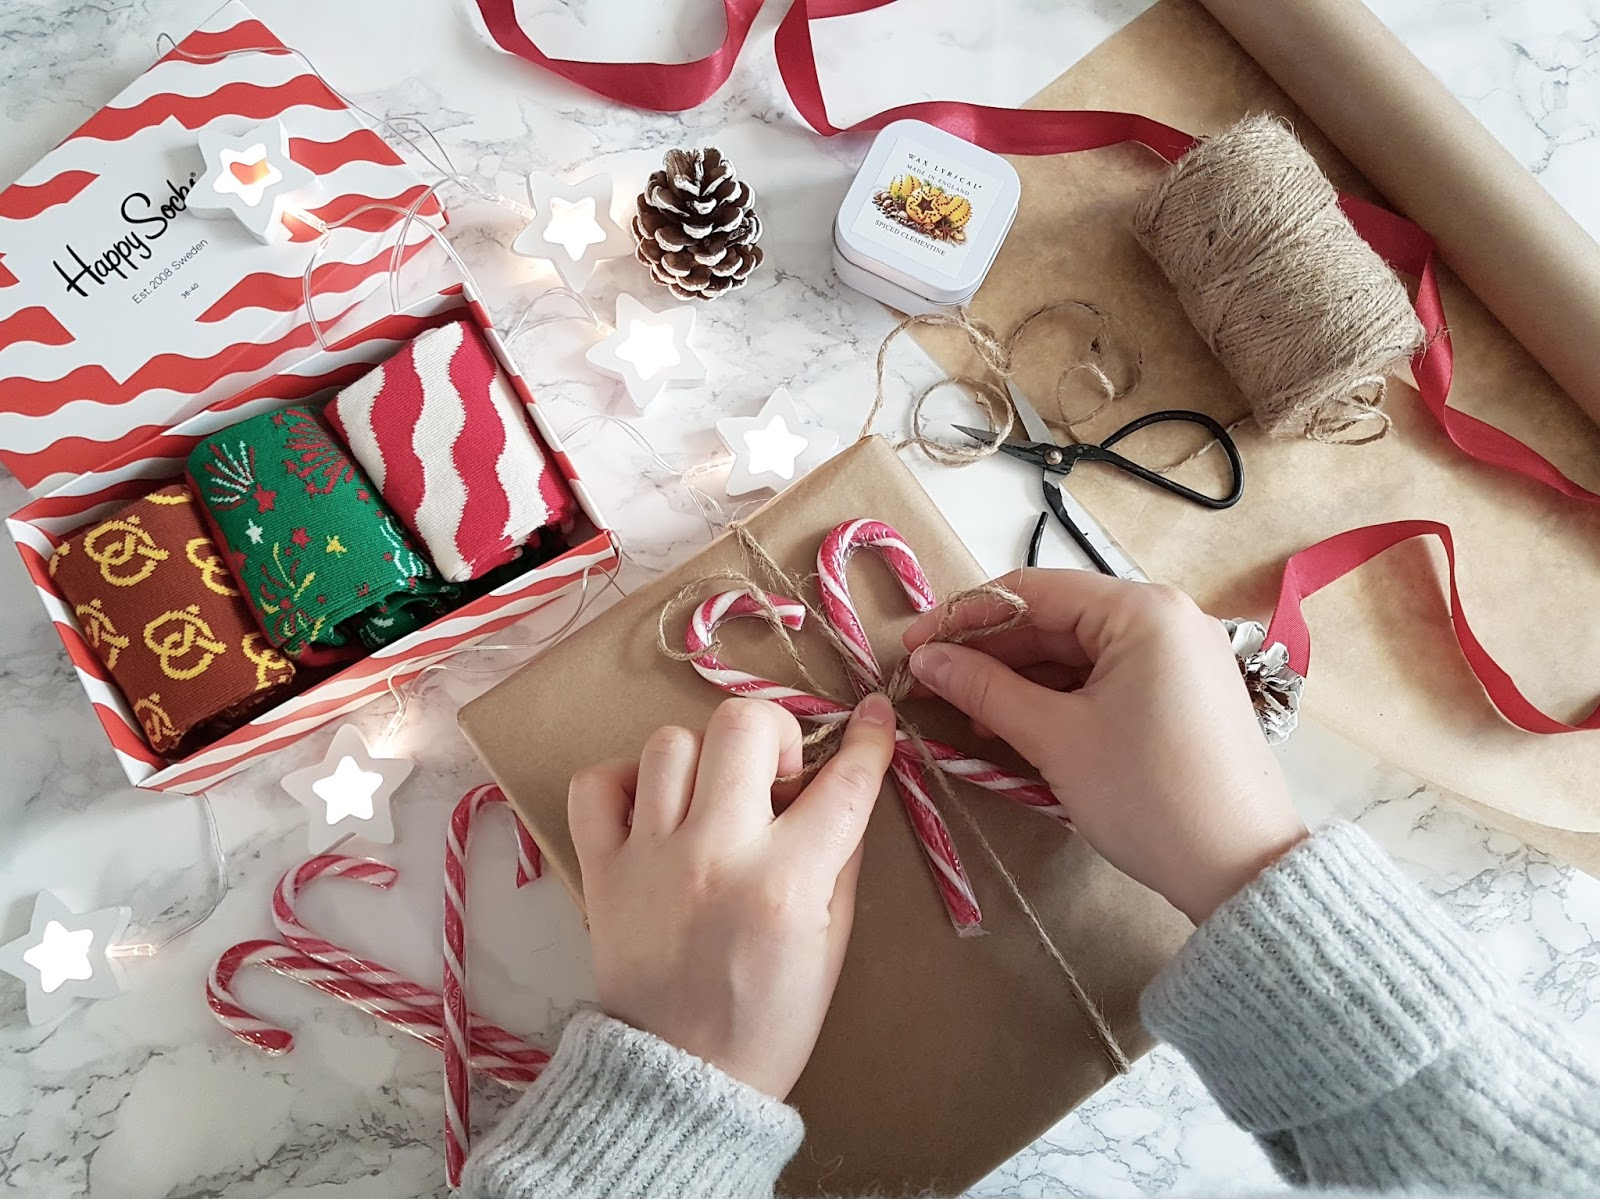 Xmas gift guide czyli prezenty dla Niej i dla Niego
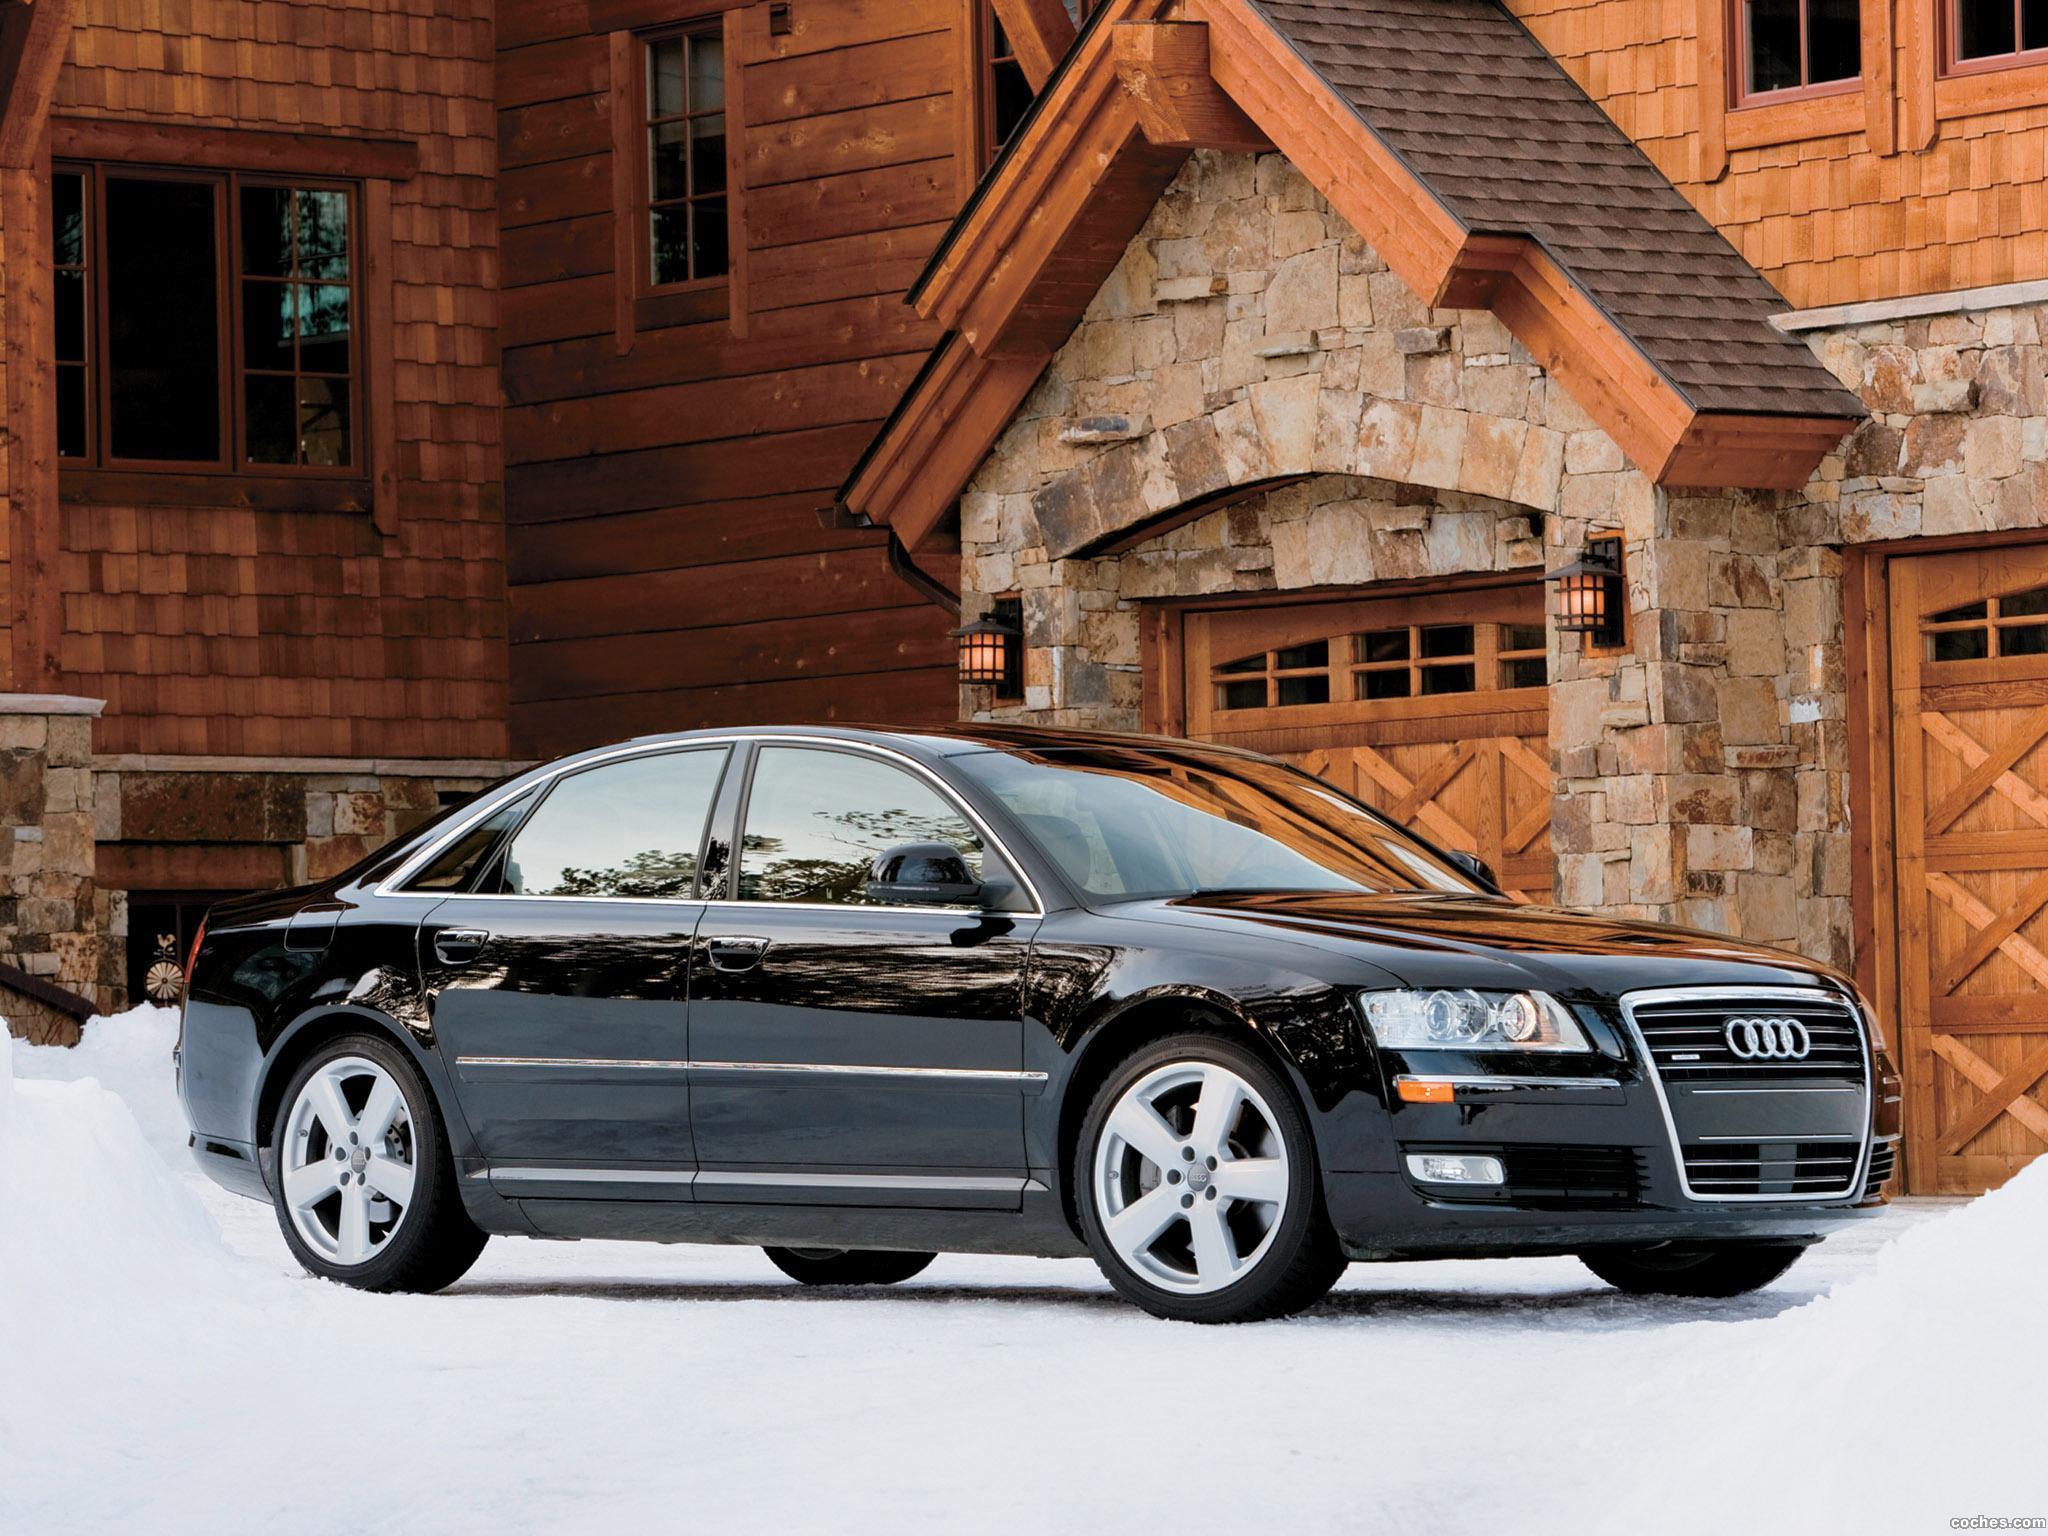 Foto 1 de Audi A8 4.2 Quattro D3 USA 2008
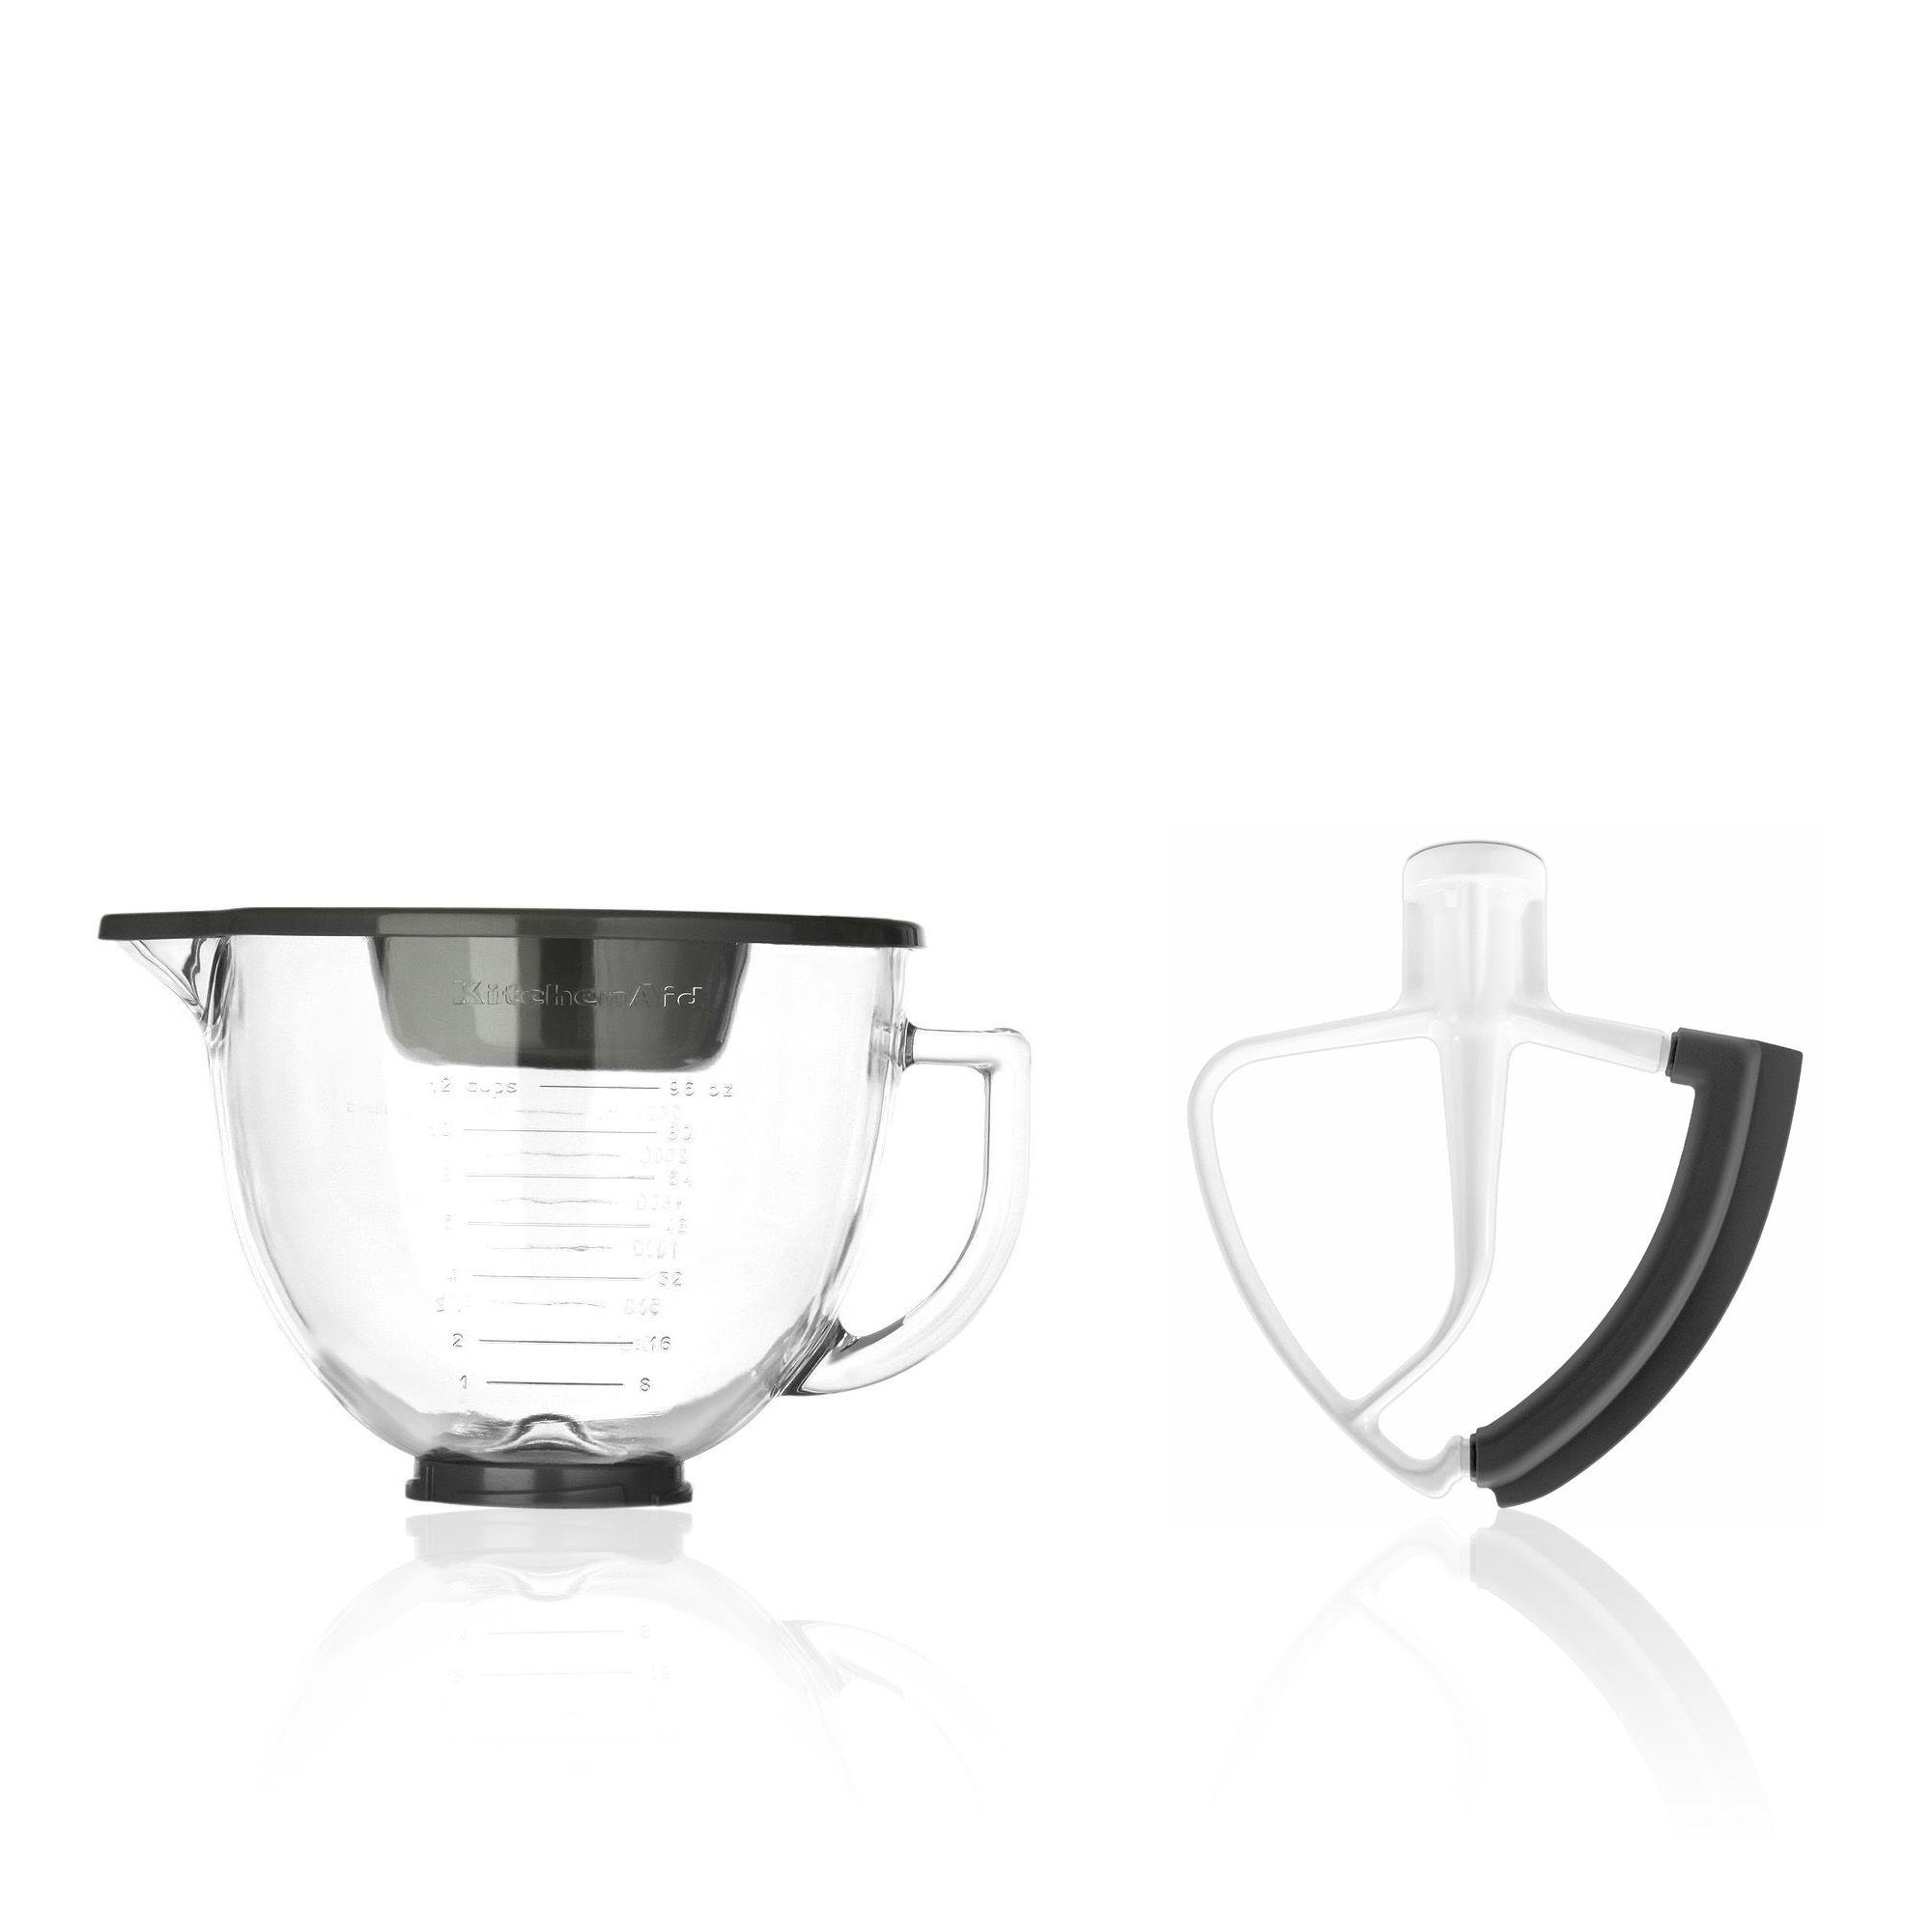 Set 2 accessori per impastatrice: ciotola e frusta piatta

_____

• What is being asked: Return the material word for word, images omitted.

• Your response:
 Xmas gift guide czyli prezenty dla Niej i dla Niego
 Foto 1 de Audi A8 4.2 Quattro D3 USA 2008
 Set 2 accessori per impastatrice: ciotola e frusta piatta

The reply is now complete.